If you're only after money then be a Quant for financial company. But you probably had to plan that from college.

The other option is start your own companies (plural cause it's unlikely your first several will be "the one").

125k is pretty good, isn't it? 8 years into my career I was at 60k. If you want to earn more then go for it, but you shouldn't feel bad about yourself.
It's great, but I don't see a path higher.
My FAANG total comp was >150k (2015, new grad, major US metro area), and that was just the regular offer they made to everyone if you didn't try to negotiate.

You can definitely go higher, at least once the current coronavirus hiring freezes get lifted.

> ...at least once the current coronavirus hiring freezes get lifted.

FWIW I heard google has slowed down but I know FB is Accelerating hiring and and onboarding new hires virtually.

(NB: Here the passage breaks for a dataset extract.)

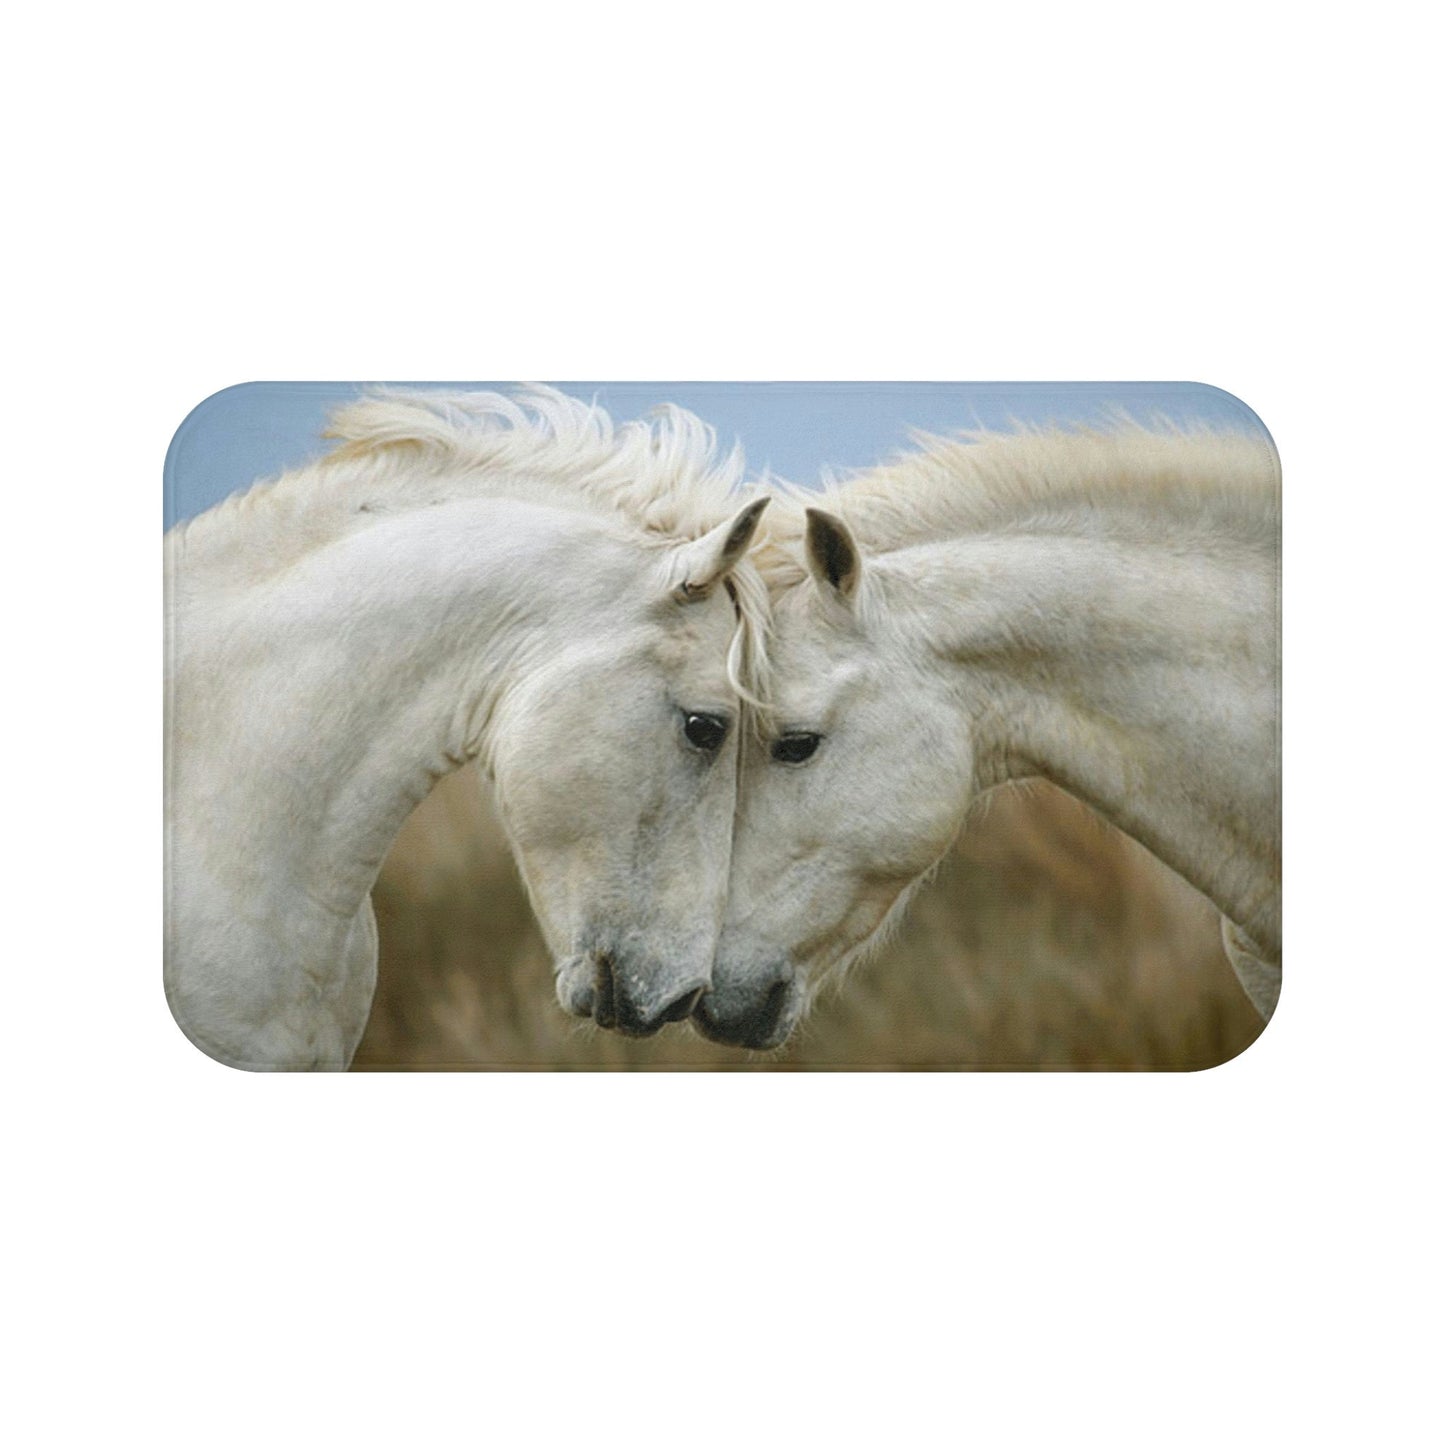 Gorgeous Horses Bath Mat*
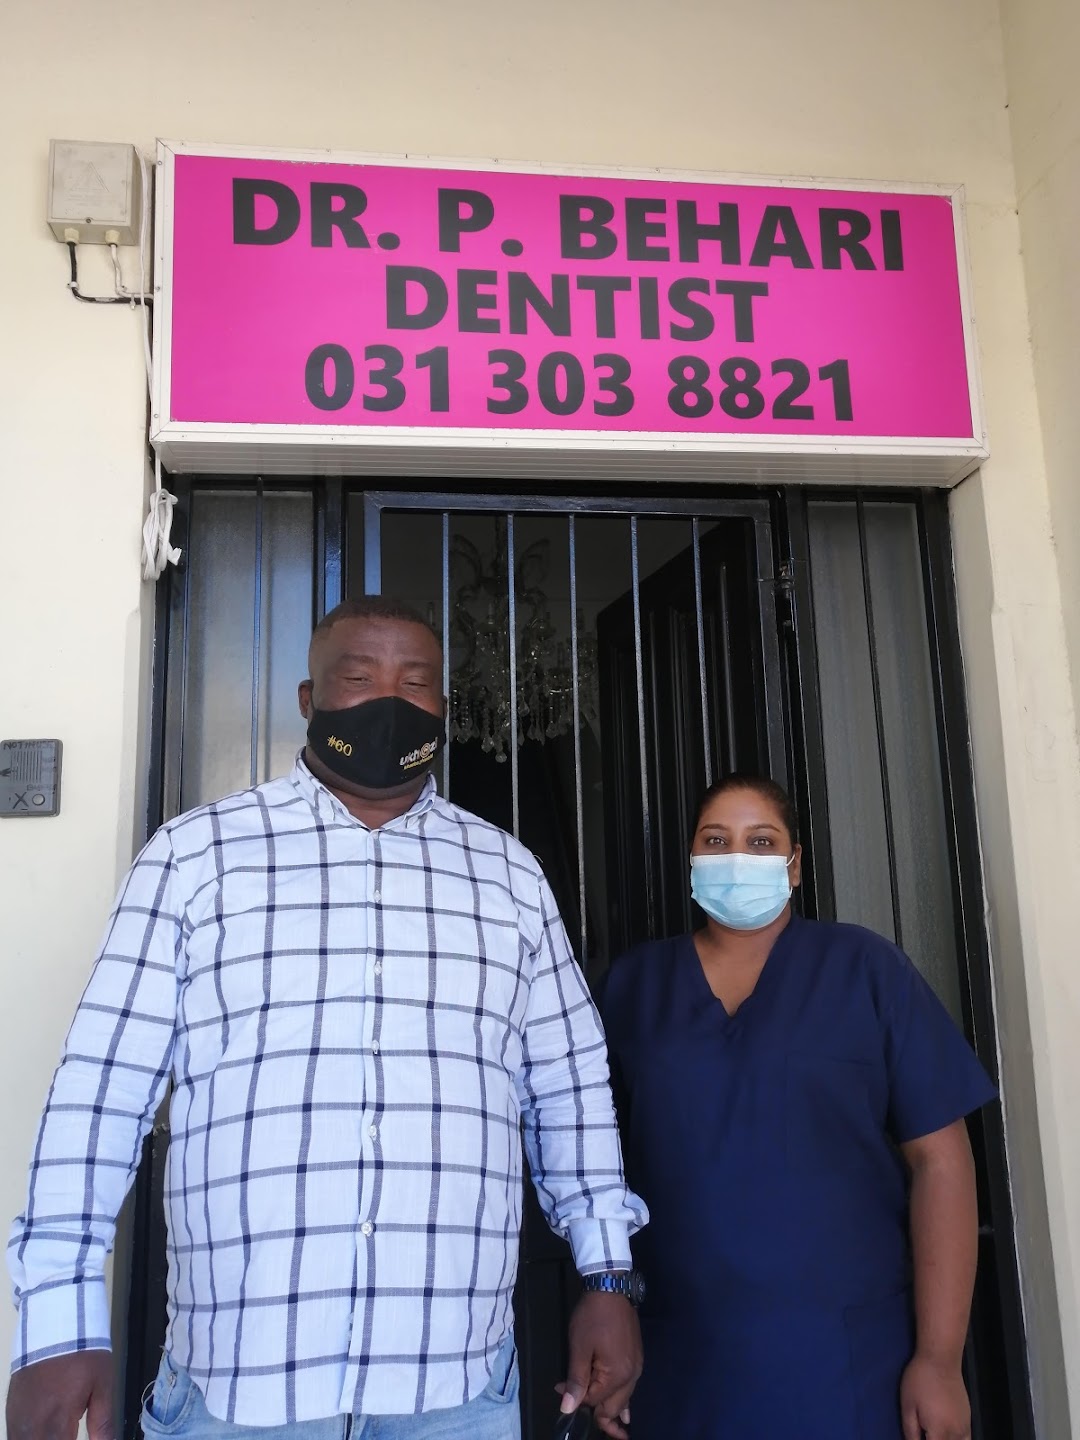 Dr. P. Behari

Where are you located? The numbers are way off compared to total compensation in FAANG. A software engineer in the level immediately above junior (2-3 years experience) earns ~250k at Google or Facebook in San Francisco: https://www.levels.fyi/#
$160K (US Dollars) is definitely on the lower end of FAANG for a software engineer.

My recommendation to folks is work at a FAANG at least for 3-4 years. You won’t be able to afford the kind of home you can get in Houston, Kansas City, Nashville, etc. but the experience and typical scale of problems you’ll work on is well worth it. To be clear, I mean home in terms of Seattle, Bellevue, Redmond pricing. I live in Bellevue, WA.